2024 single by Sienna Spiro

"Maybe" is a single by British singer Sienna Spiro, released on 2 August 2024 as the second single from her debut EP, Sink Now, Swim Later. The song is also included on the digital deluxe edition of her debut album, Visitor (2026). It became her first to enter the UK Singles Chart, and later peaked at number 45 in November 2025.

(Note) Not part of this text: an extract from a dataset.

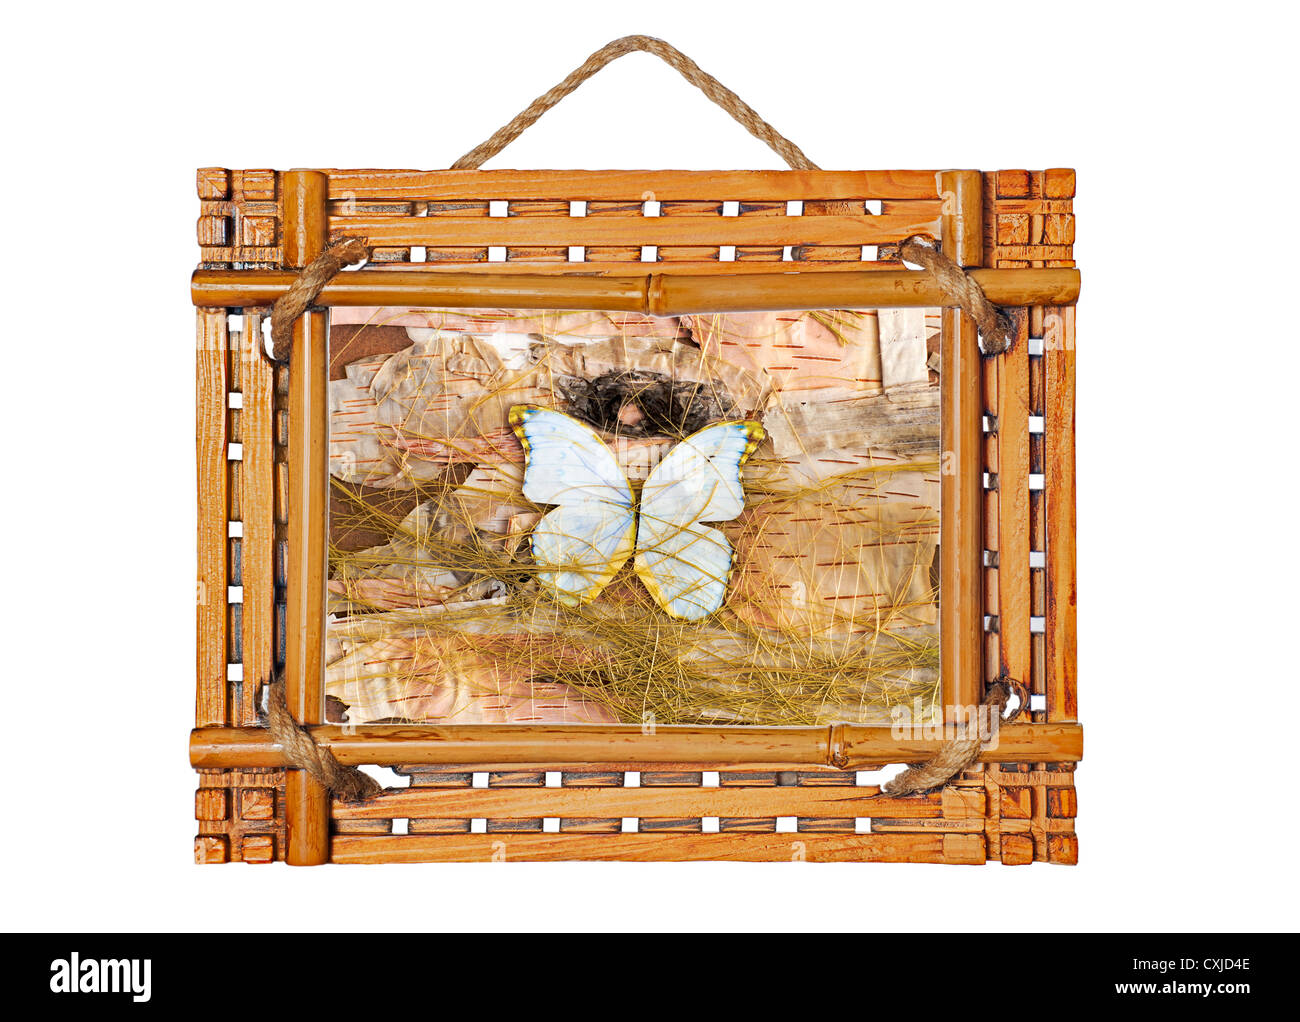 Cadre photo bambou avec composition abstraite de papillons, de paille et d'écorce de bouleau isolé sur fond blanc Banque D'Images

Spiro said the "song about realising your worth and finally seeing who somebody truly is after being in the dark for so long".

==Track listings==
- Digital download and streaming
1. "Maybe" – 3:55

- Digital download and 7" vinyl
2. "Maybe" (live from the Mews) – 3:59
3. "Maybe" – 3:55

==Charts==

Weekly chart performance for "Maybe"
| Chart (2024–2026) | Peak position |
|---|---|
| Ireland (IRMA) | 65 |
| Netherlands (Single Tip) | 14 |
| UK Singles (Official Charts) | 45 |

==Certifications==

Certifications for "Maybe"
| Region | Certification | Certified units/sales |
| Canada (Music Canada) | Gold | 40,000^{‡} |
| Denmark (IFPI Danmark) | Gold | 45,000^{‡} |
| Netherlands (NVPI) | Gold | 46,500^{‡} |
| New Zealand (RMNZ) | Gold | 15,000^{‡} |
| United Kingdom (BPI) | Gold | 400,000^{‡} |
^{‡} Sales+streaming figures based on certification alone.